- [Data segment]
+++

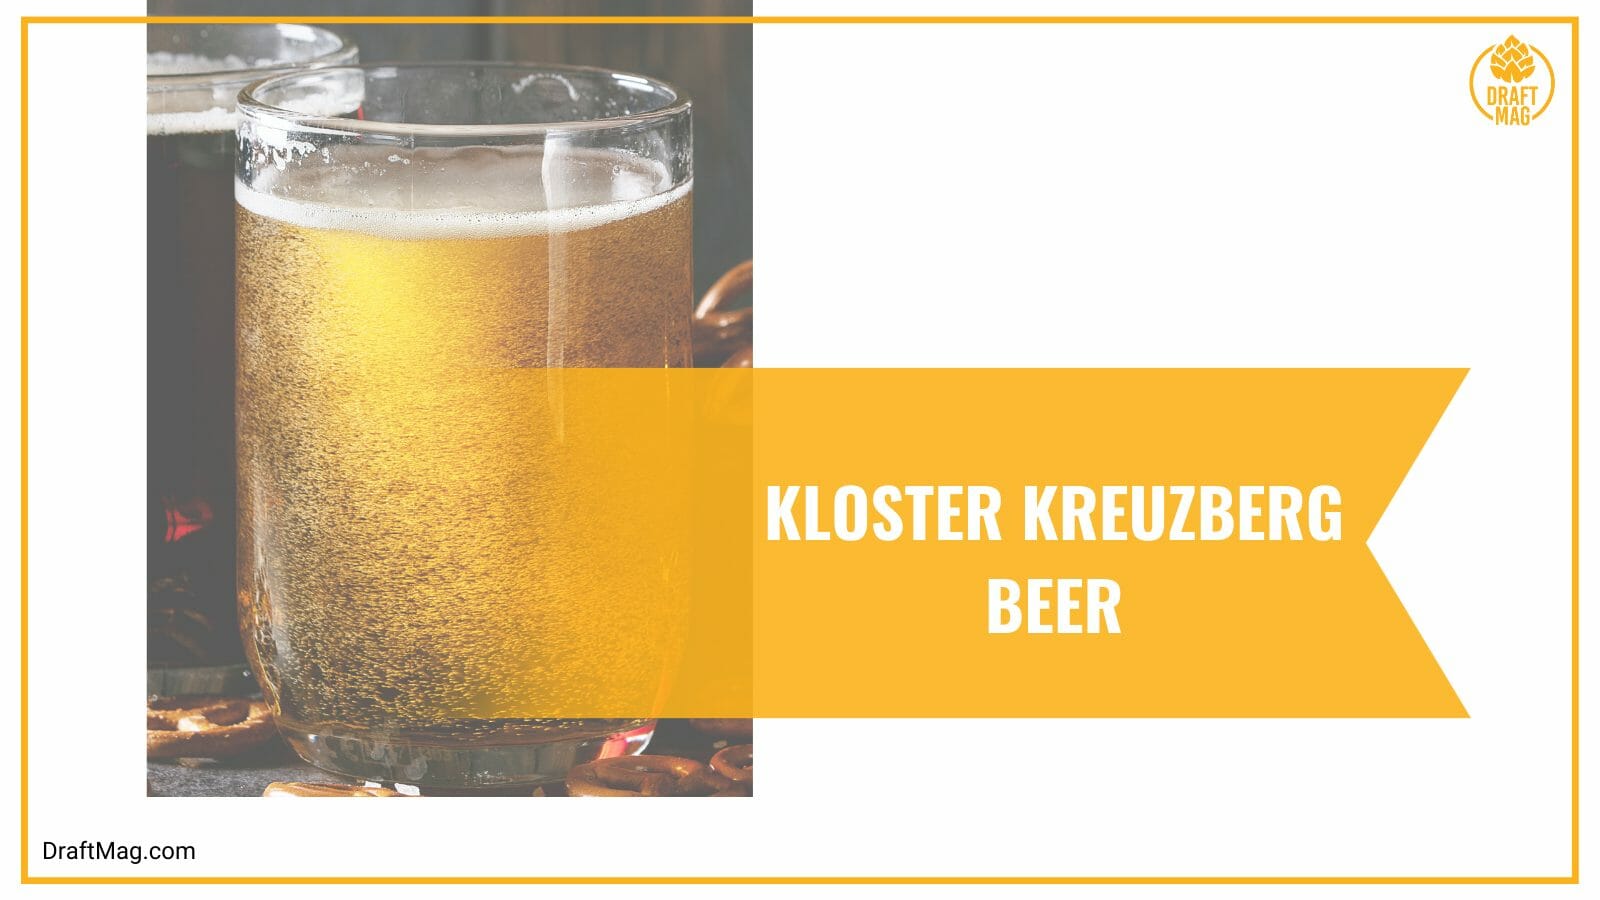 Kreuzberg beer with a creamy head
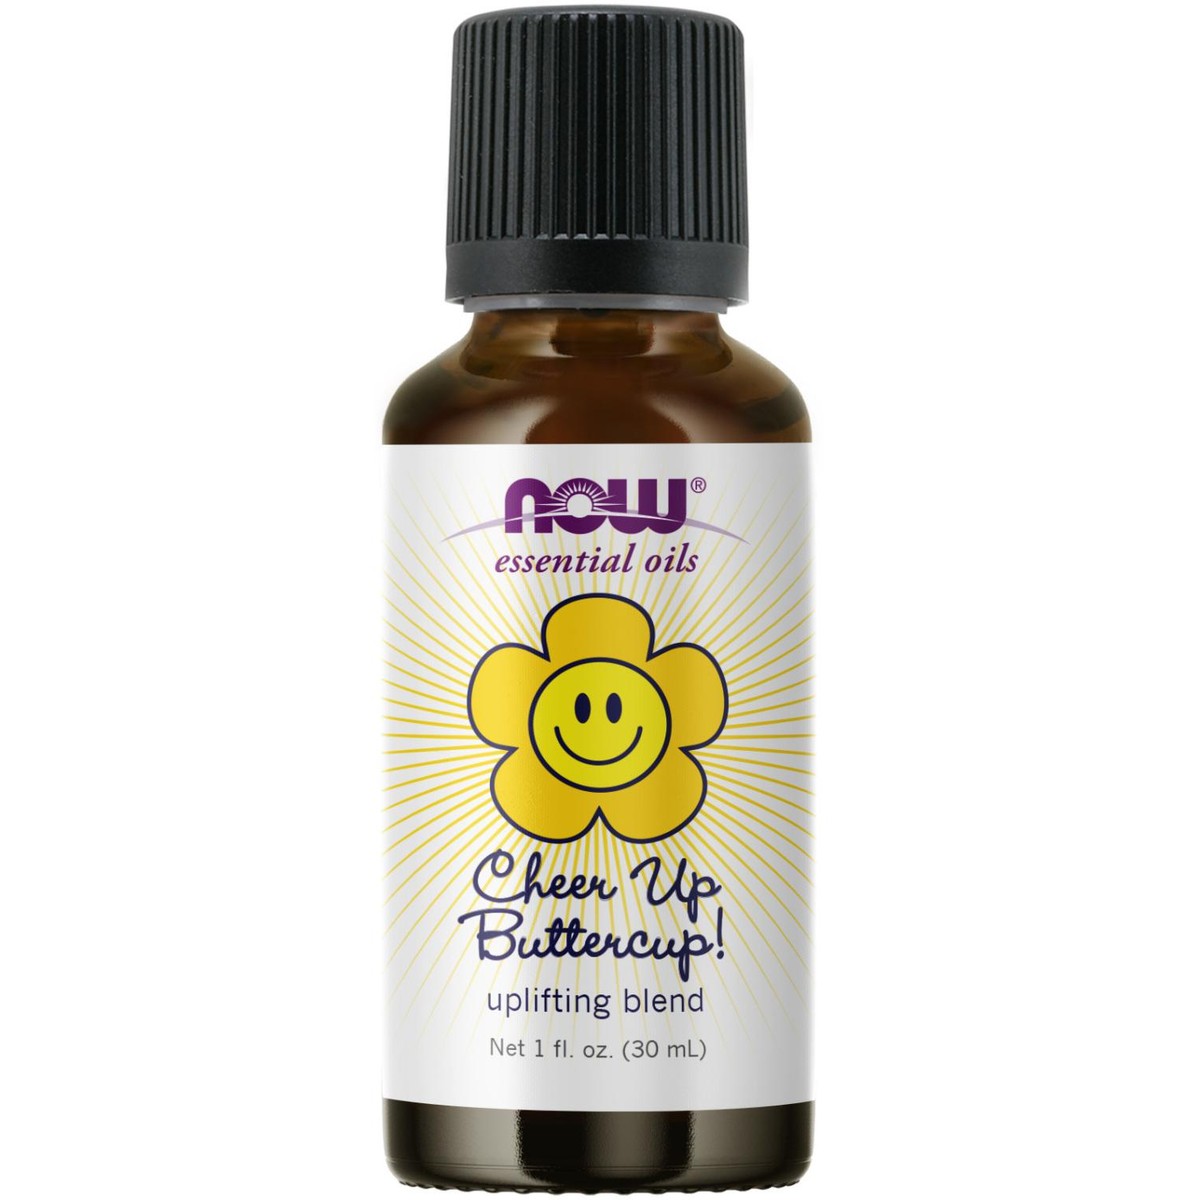 Bath Oils, Bath & Body, Health & Beauty - PicClick UK
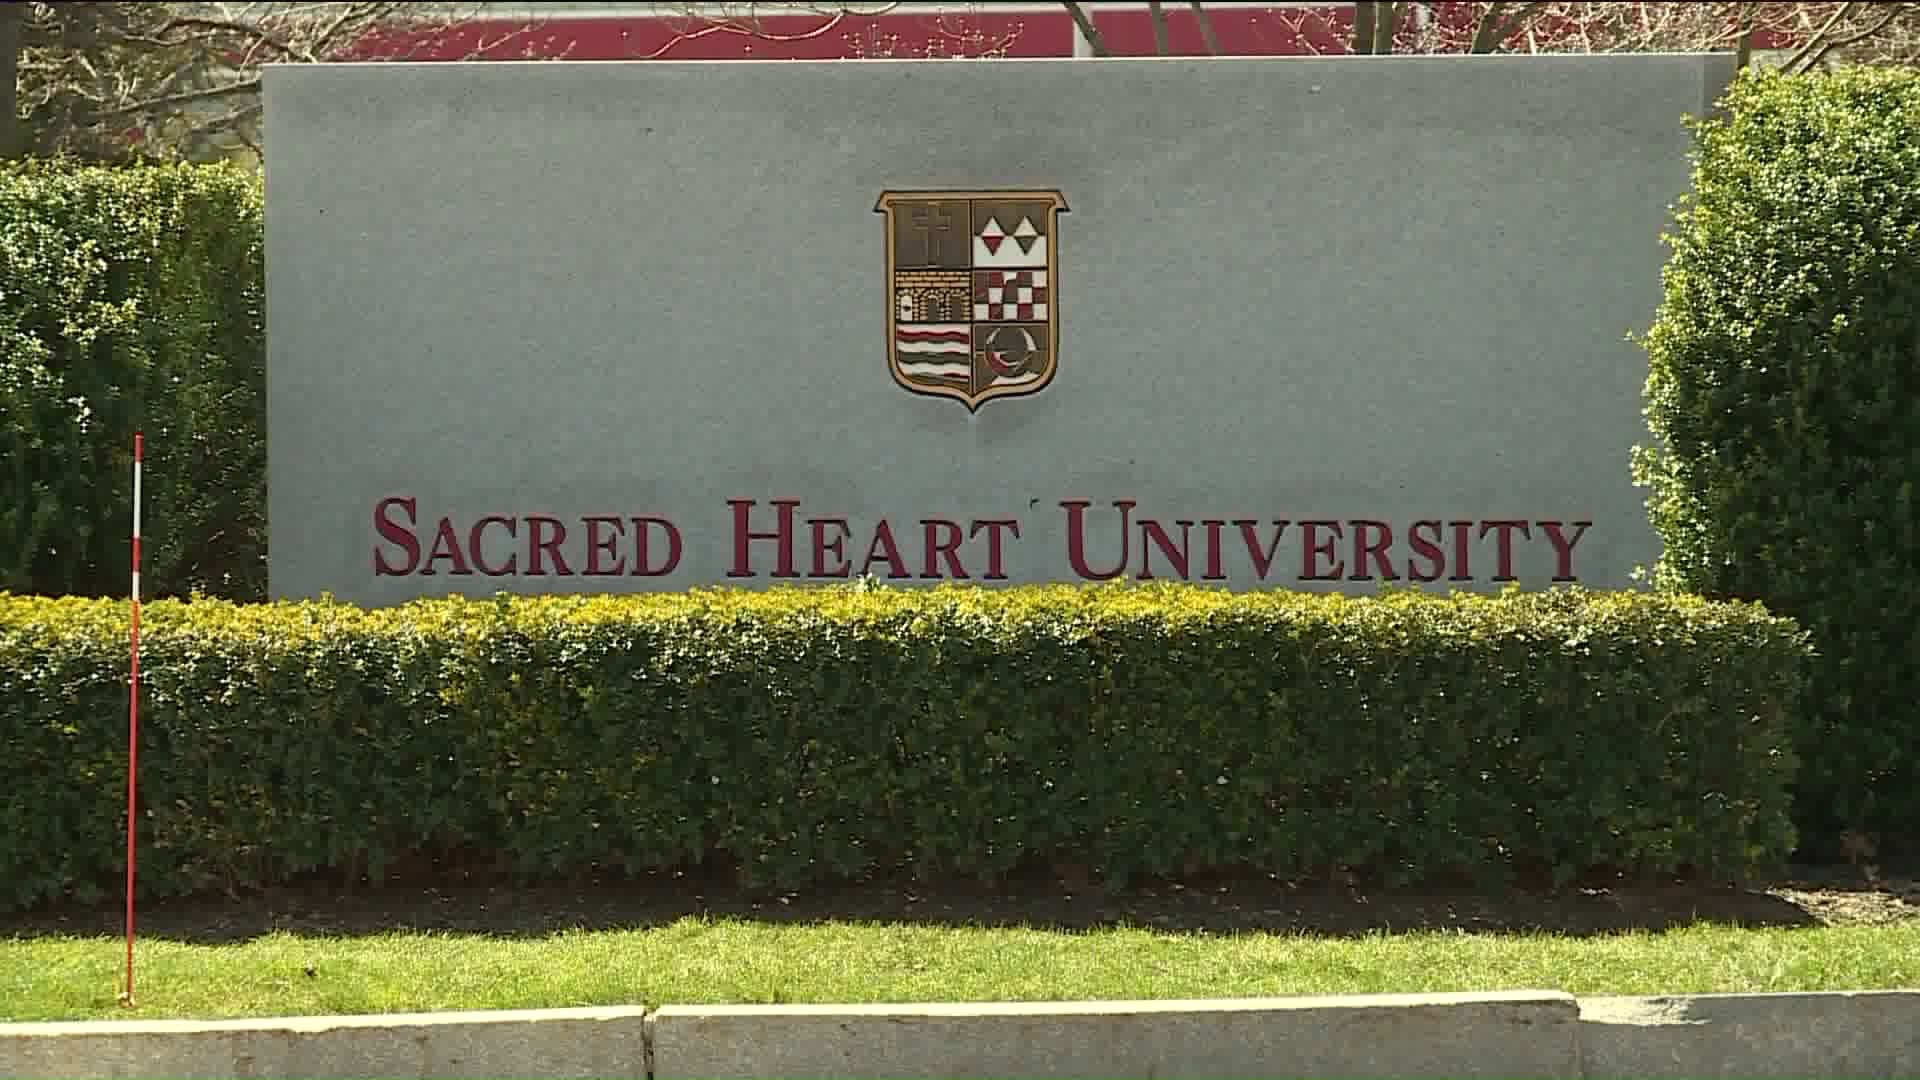 Parents concerned over video incident at Sacred Heart

+++

- [What you have to do] All lines above must be repeated exactly, and the pictures must be omitted.

- [Finished exercise]
 Kreuzberg beer with a creamy head
 Bath Oils, Bath & Body, Health & Beauty - PicClick UK
 Parents concerned over video incident at Sacred Heart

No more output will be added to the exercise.